Human genetic polymorphisms influencing risk of P. falciparum infection and severe disease are well-described (Mackinnon et al., 2005). Much less is known about host genetic factors influencing risk of P. knowlesi infection and its disease severity. Glucose-6-phosphate dehydrogenase (G6PD) deficiency linked to mutations in the X chromosome is known to be associated with protection from malaria due to the human-only species P. falciparum and P. vivax (Leslie et al., 2010; Manjurano et al., 2015). In a large case-control study in Sabah, Malaysia, G6PD deficiency was also found to be associated with protection against acquisition of symptomatic P. knowlesi infection in multivariate models, conferring a fivefold lower risk of knowlesi malaria (Grigg et al., 2017).

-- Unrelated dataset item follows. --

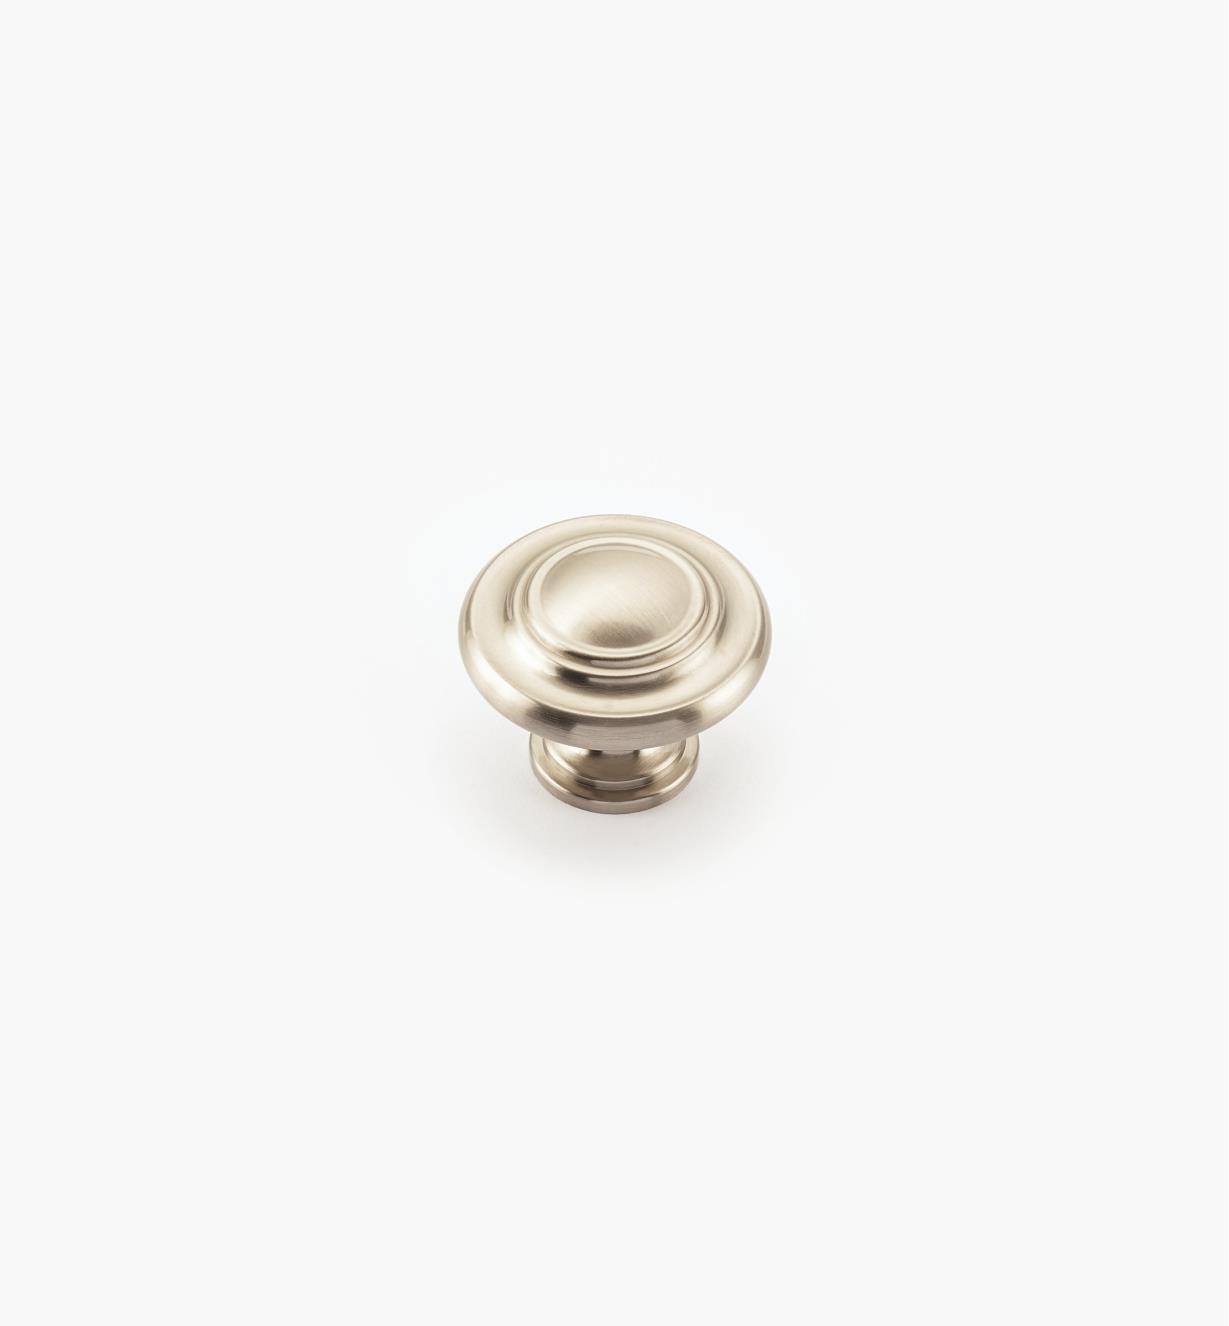 02A1080 - Bouton annelé de 13/4po, série Inspirations, fini chrome satiné

Southeast Asian ovalocytosis (SAO) is widely distributed in knowlesi-endemic Malaysia and Indonesia (Paquette et al., 2015). In vitro studies have shown that human SAO ovalocytes are highly resistant to invasion by P. knowlesi merozoites, making it likely that SAO protects against knowlesi malaria (Hadley et al., 1983). This has not yet been shown in case-control studies. It may be anticipated that other genetic erythrocyte abnormalities and haemoglobinopathies prevalent in knowlesi-endemic regions may also confer protection from knowlesi malaria but this remains to be shown.

9. Pathophysiology

The pathophysiology of severe knowlesi malaria in humans is not as well understood as that of severe falciparum malaria. Disease severity in malaria from the human-only species, P. falciparum and P. vivax, is associated with parasite biomass (Barber et al., 2015b; Dondorp et al., 2005), and this is clearly also the case in knowlesi malaria (Barber et al., 2013; Daneshvar et al., 2009; Grigg et al., 2018a; William et al., 2011; Willmann et al., 2012). The relative distribution of parasite biomass between the circulating compartment and deep tissue microvasculature in human knowlesi malaria is less well defined. In the following sections, we review pathophysiological mechanisms associated with disease severity in knowlesi malaria.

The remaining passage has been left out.